## [DATASET]

□ □ □ □ □

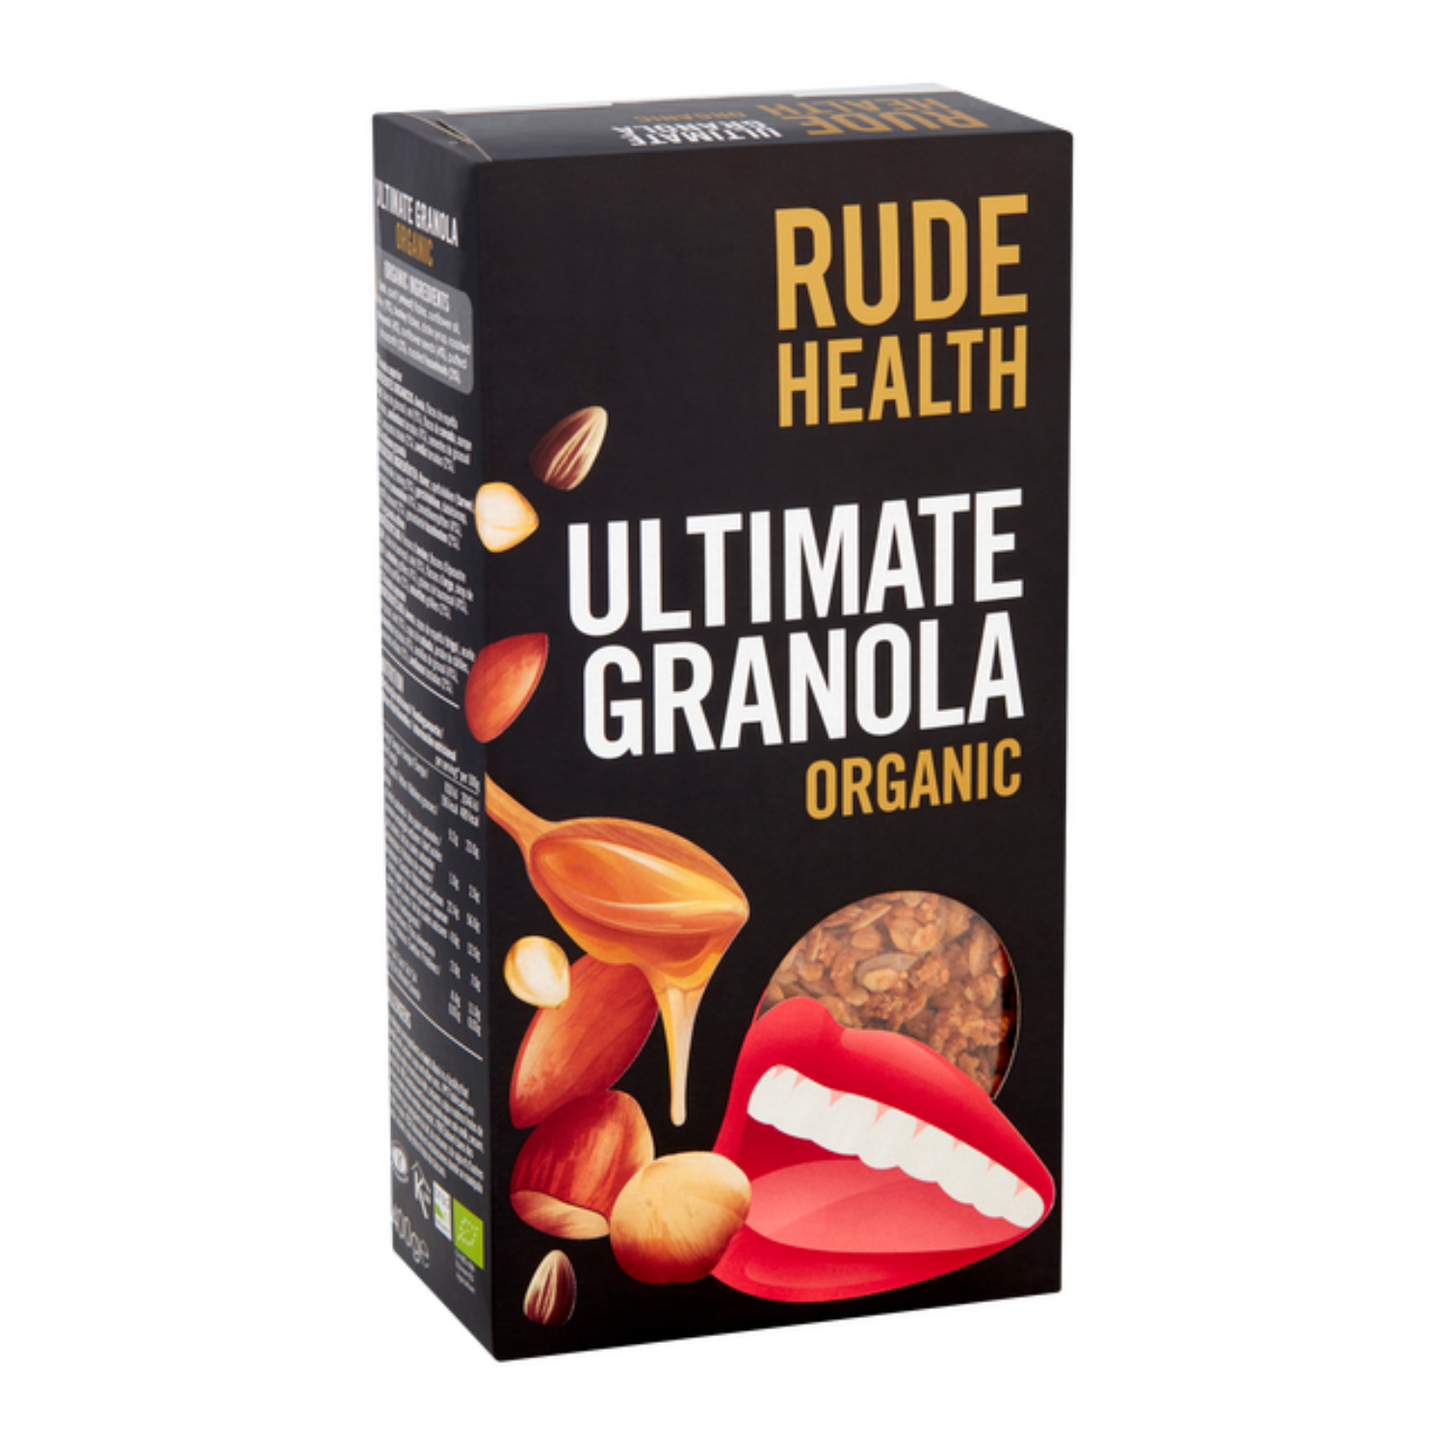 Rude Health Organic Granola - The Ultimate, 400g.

□ □ □ □ □

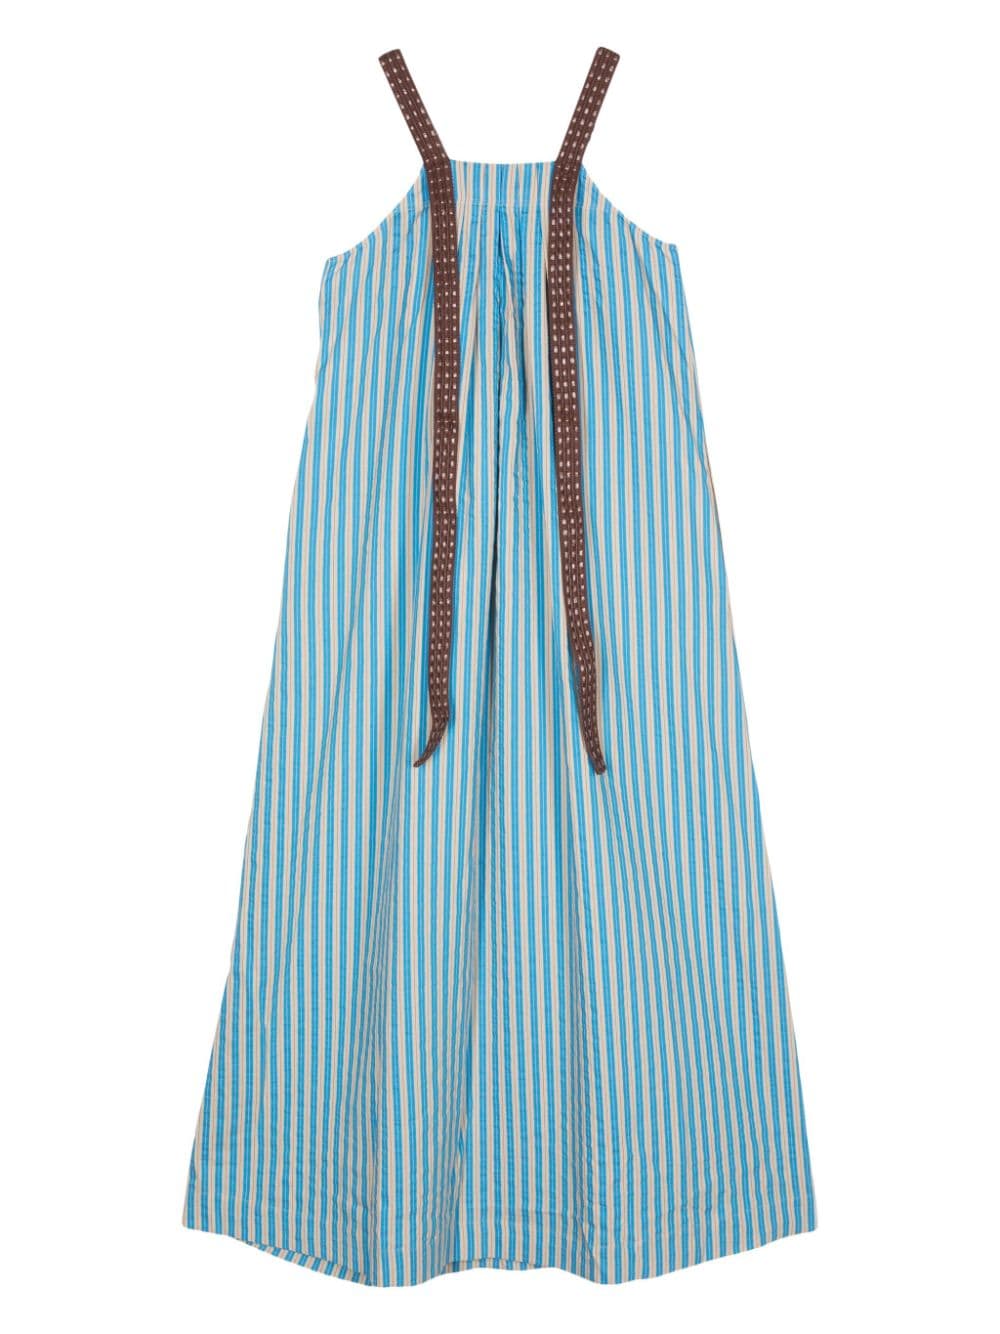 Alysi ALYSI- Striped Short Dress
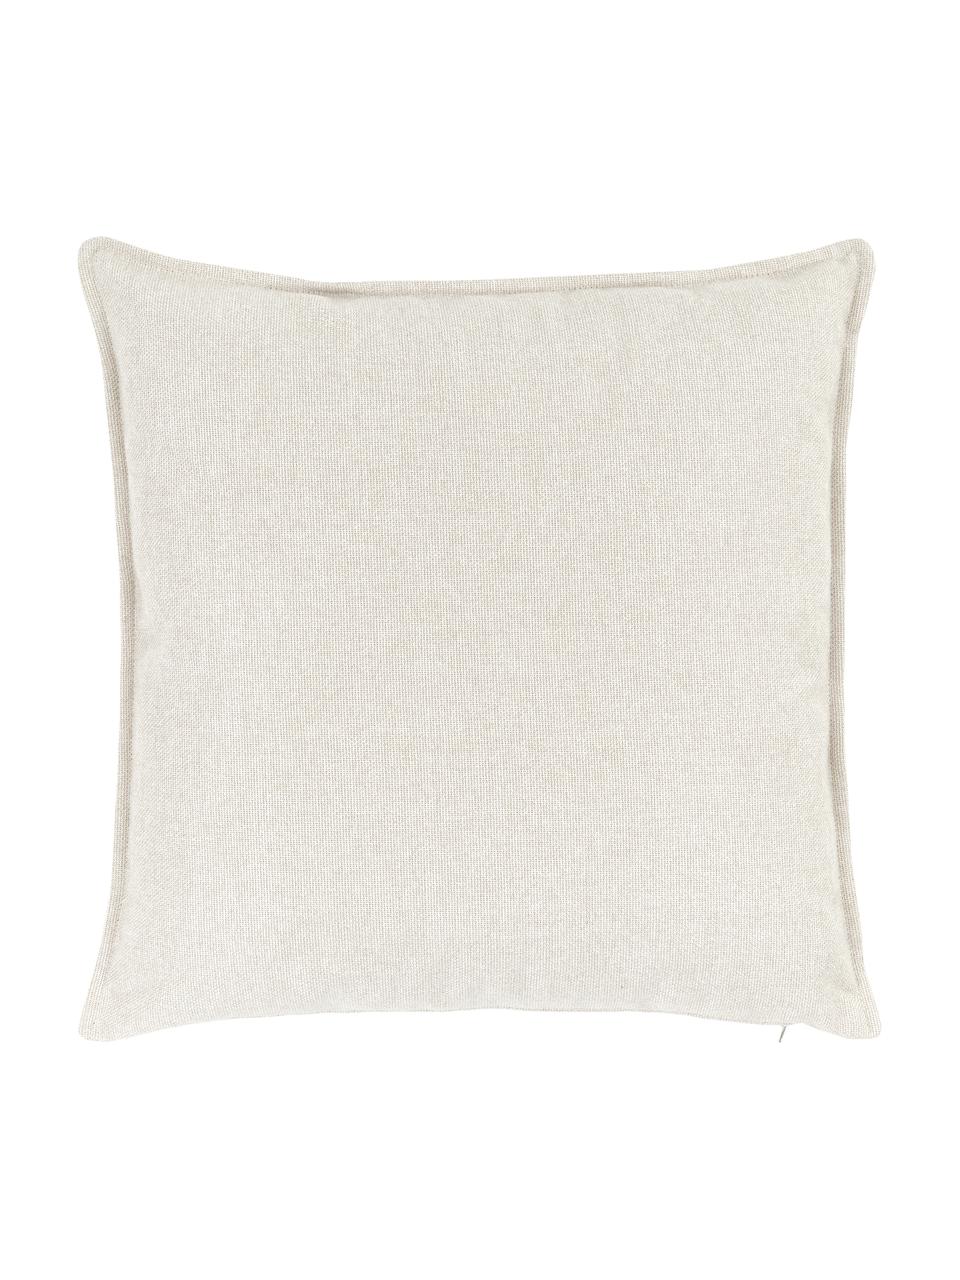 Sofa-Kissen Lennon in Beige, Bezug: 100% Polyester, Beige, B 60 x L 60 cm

□ □ □ □ □

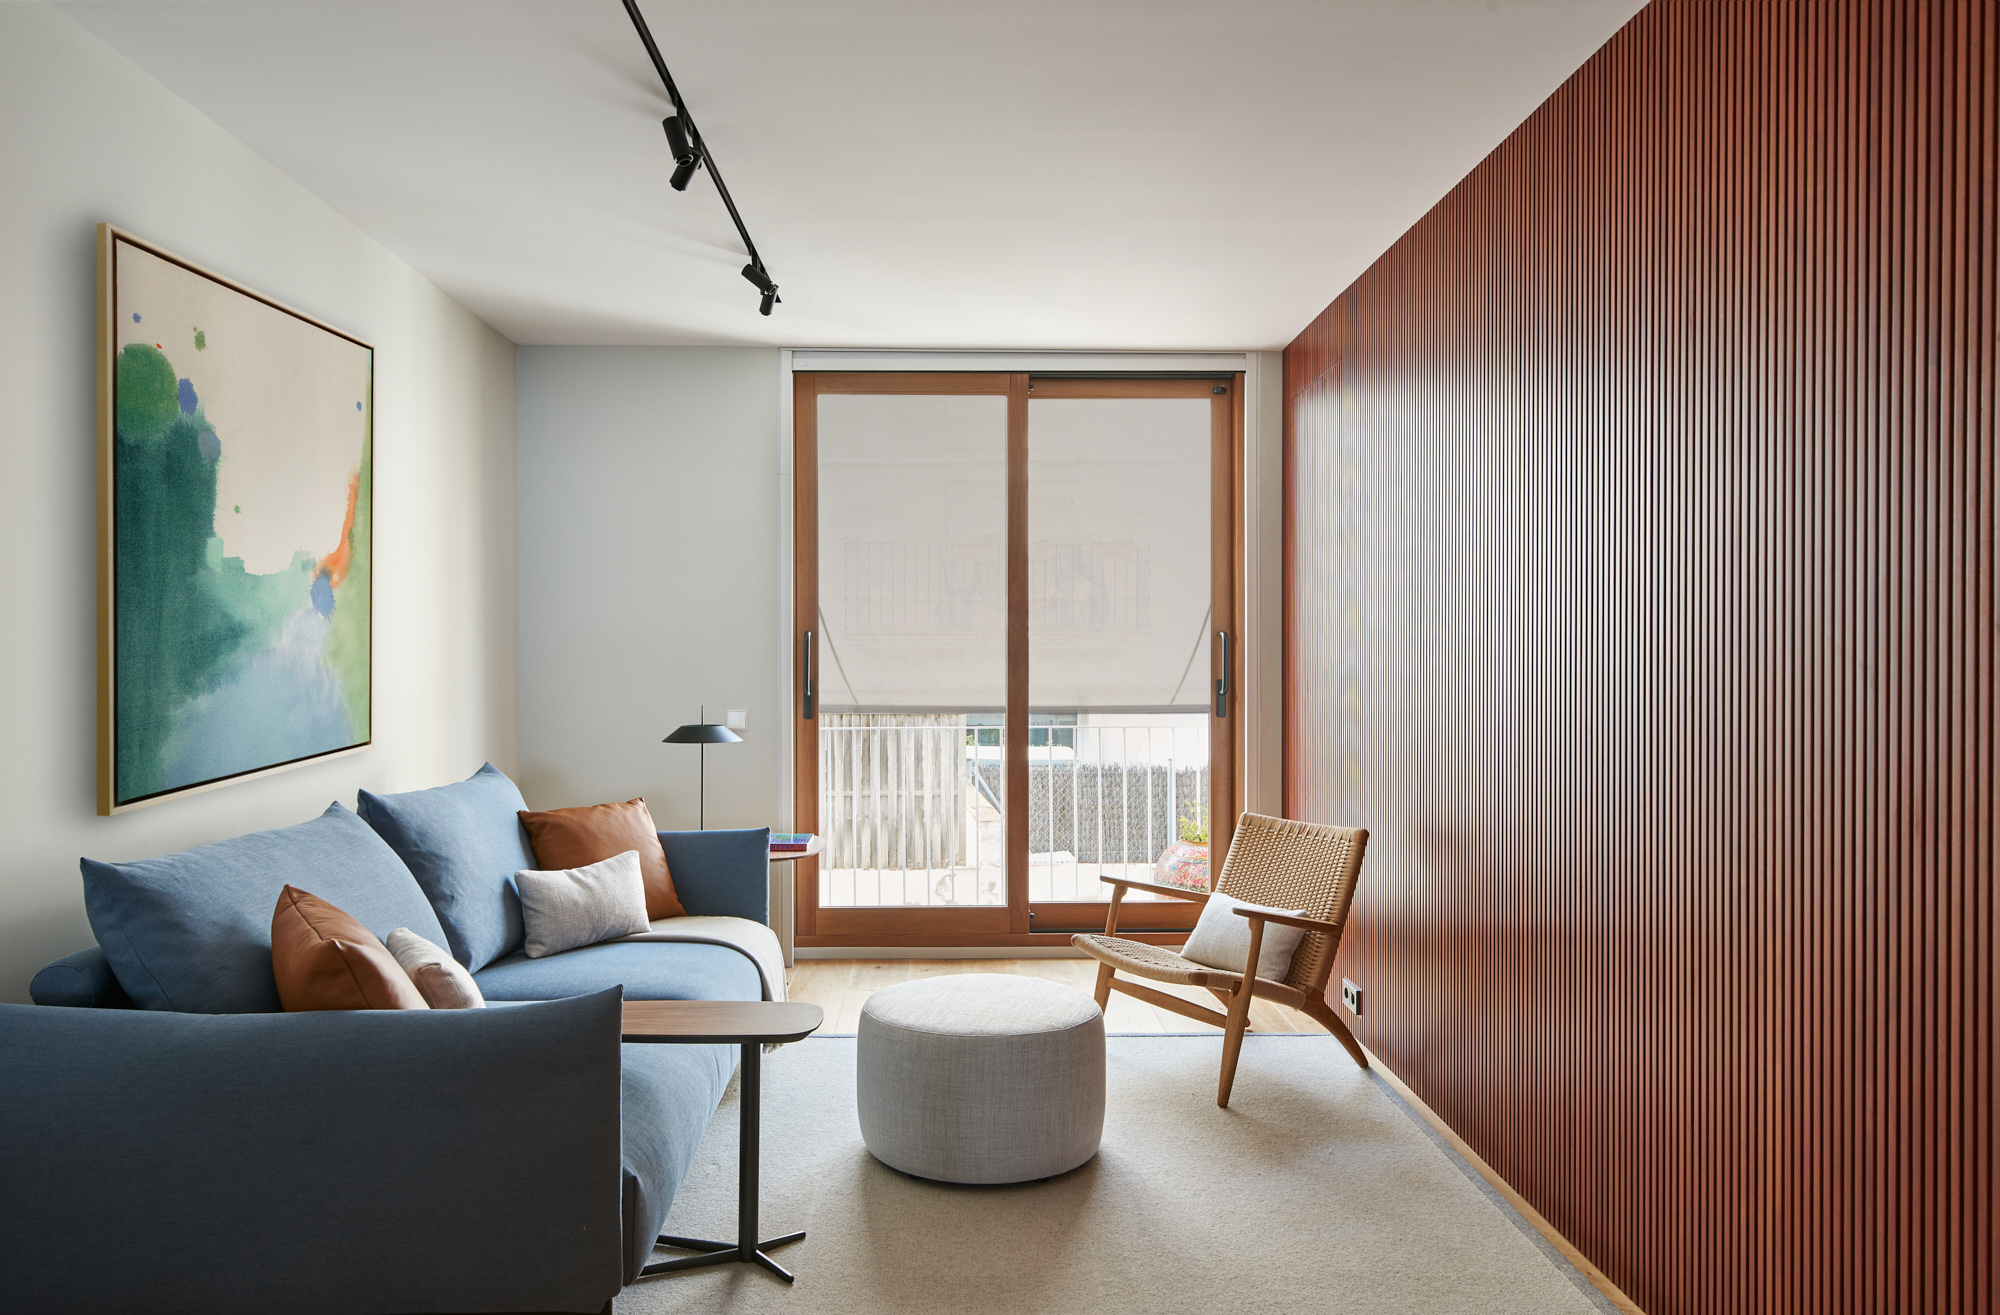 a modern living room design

□ □ □ □ □

## [WHAT YOU WILL DO]
Among the entries above, take the line with "Alysi ALYSI- Striped Short Dress", the line with "Sofa-Kissen Lennon in", and all the lines between them, and restate them word for word without pictures.

## [SOLUTION FOR THIS TASK]
 Alysi ALYSI- Striped Short Dress
 Sofa-Kissen Lennon in Beige, Bezug: 100% Polyester, Beige, B 60 x L 60 cm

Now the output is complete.